TSa Thomas.Sandlass-at-barco.com |Perl 6| wrote:
Hmm? I meant Num ∩ Str. This intersection type is a subtype of
Str and Num without type coercion and it beats both in specificity
when it comes to dispatch.
There are methods in Str that are not in Num, and vice versa. A
variable declared as Num Str will accept methods of either without
compile-time complaint (but will give run-time error if the type is
wrong). A type of Num ∩ Str, which does not exist directly in the
synopses but you could code one up from scratch introspect both
metaobjects and copy the member list intersection, as a CPAN library
perhaps, would give a compile-time error if you wrote the use of a
method that was not in both Num and Str. There would be no need for a
run-time check.
"10".HOW returns something that does the Metaobject role, which
itself can stringify to the name of the Perl 6 class in this case,
but the details depend of the object system. In a JavaScript or Self
object model, there might not be classes. But what it stringifies to
isn't really discussed.
Yes. It returns the instance manager since instance management is the
prime task of a class.
"10".WHAT returns the undefined prototype of Str. It also stringifies
to the short name of the class.
I had hoped that WHAT denotes a more specific type than HOW. E.g.

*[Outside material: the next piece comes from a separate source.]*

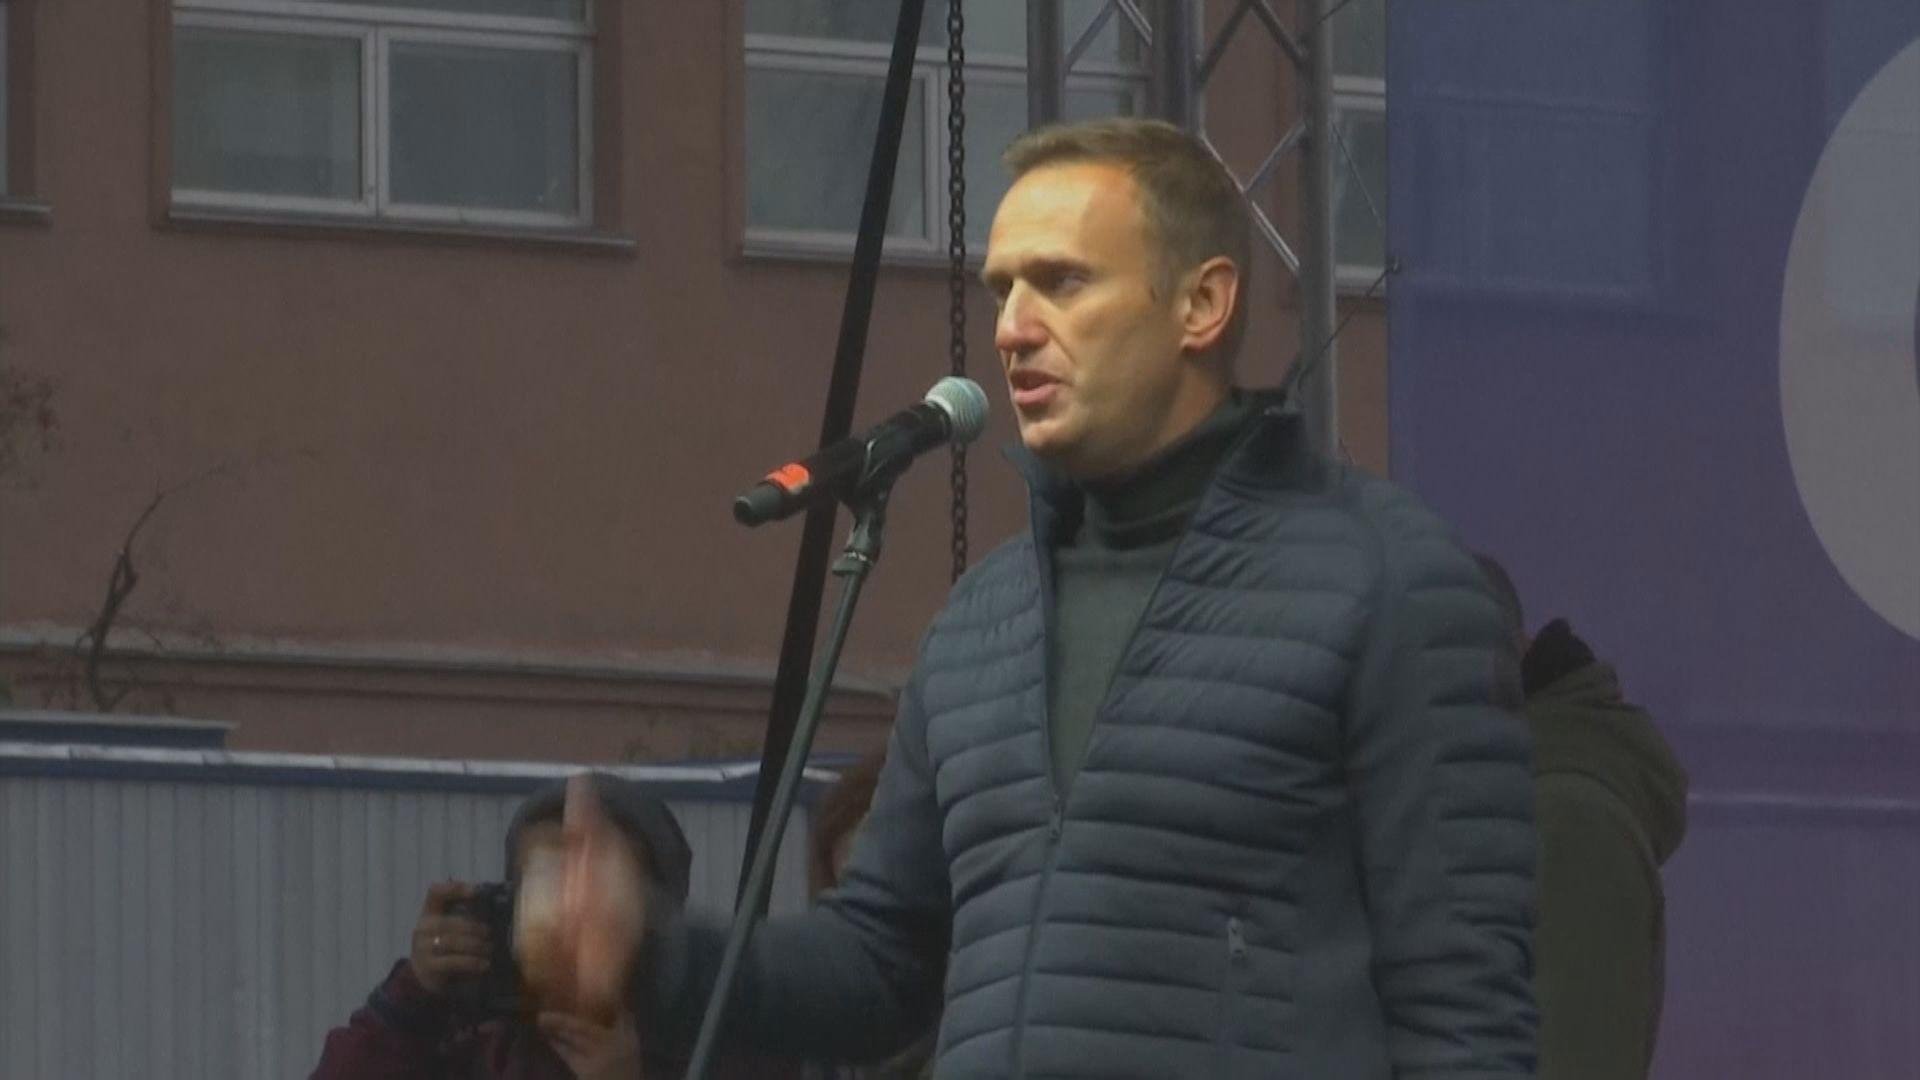 俄反對派領袖納瓦爾尼疑遭下毒情況危殆 法德願協助

The synopses imply the other way around. But not in the same way you
discuss next.
subset ThreeChars of Str where {$_.elems == 3}
my ThreeChars $x = 'xxx';
$x.WHAT; # ThreeChars
$x.HOW; # Str
$x === 'xxx'; # false because type i.e. the WHAT
# has to be the same
Hmm.
It were interesting to know what $x.new returns. If that dispatches
to Str the result is '' which is not a ThreeChars. So how does the
subset declaration make it return e.g. ' '? Looks like one needs
more than a subset declaration to make a proper subtype ;)
Indeed. That would be true about all methods that returned the original
type.
Using Str by itself is a listop with no parameters and returns the
undefined prototype. So
say "10".WHAT === Str;
prints True. Both refer to the same value: the undefined prototype
object of type Str. If the undefined prototype is guaranteed to be
singular, then =:= would also show True.
Sounds reasonable. The HOW behind Str might e.g. be PerlStr.
say "10".HOW === Str;
prints False. The left side is a Metaobject, the right a Str mixed in
with something that delegates class methods and overrides
stringification etc. The things you can call on them are different.
They could not be implemented as the same object.
How would Str be implemented then? It is more concrete than a role but
more abstract than a class.
Str is a package, that is a module that is a class.
The implementation, on a deep level, sees a class name used as a listop
and figures out what to call based on rules specific for that, not
explained completely or well in the synopses, but generally looks for
conversion functions in one direction with the first argument as the
invocant (there isn't one, so that's nil) and in the other direction in
that class. Whatever the detailed rules are, it knows in this case (no
arguments) to call some class method in Str for that purpose, which is
created automatically or inherited from Object or some combination of
the two. That function returns the undefined protoobject for its
class. I imagine the implementation generates a function in the class
that returns a single instance, also made up at the time the class is
created.
So if I may continue, I hazard that a package that is a class has a
package variable with a reserved internal name that points to the
metaobject. The metaobject does the metaobject role, which defines all
the stuff the synopses say it can perform, but the concrete type is
unspecified, and probably some internal class specific to the use of
P6opaque-blessed classes.
Meanwhile, the grammar knows that a type name (a package name) may serve
as a listop, and this usage is noted specifically in the AST. The code
generator sees that AST node and knows to search for which function to
actually call based on the rules for conversion functions, and codes the
one it found.
The grammar knows that a package name (or perhaps just a class name) can
be used in various ways, and allows this in the generated AST. Whether
the use of a package rather than a variable (for example) is encoded
specifically in the AST, or if the next step looks at what the
identifier actually is, doesn't matter -- it knows to generate lookups
and function calls with that innate meaning. That is Dog.foo will
actually generate code for $Dog::__METAOBJECT<__classmethods><foo>,
where Dog is not just a package, __METAOBJECT is the special variable
mentioned earlier. All the lookups are resolved at compile time, so at
run time it just calls the proper function. The code generator knows
the way classes are made.
So it's not as closed in on itself as LISP or even Smalltalk. That is
due to the by-design abstraction of the metaobject with freedom to write
one from scratch, and due to the rich natural-language-like syntax
rather than having the syntax exactly match the representation.
--John
(Larry, a nod would be appreciated at this point)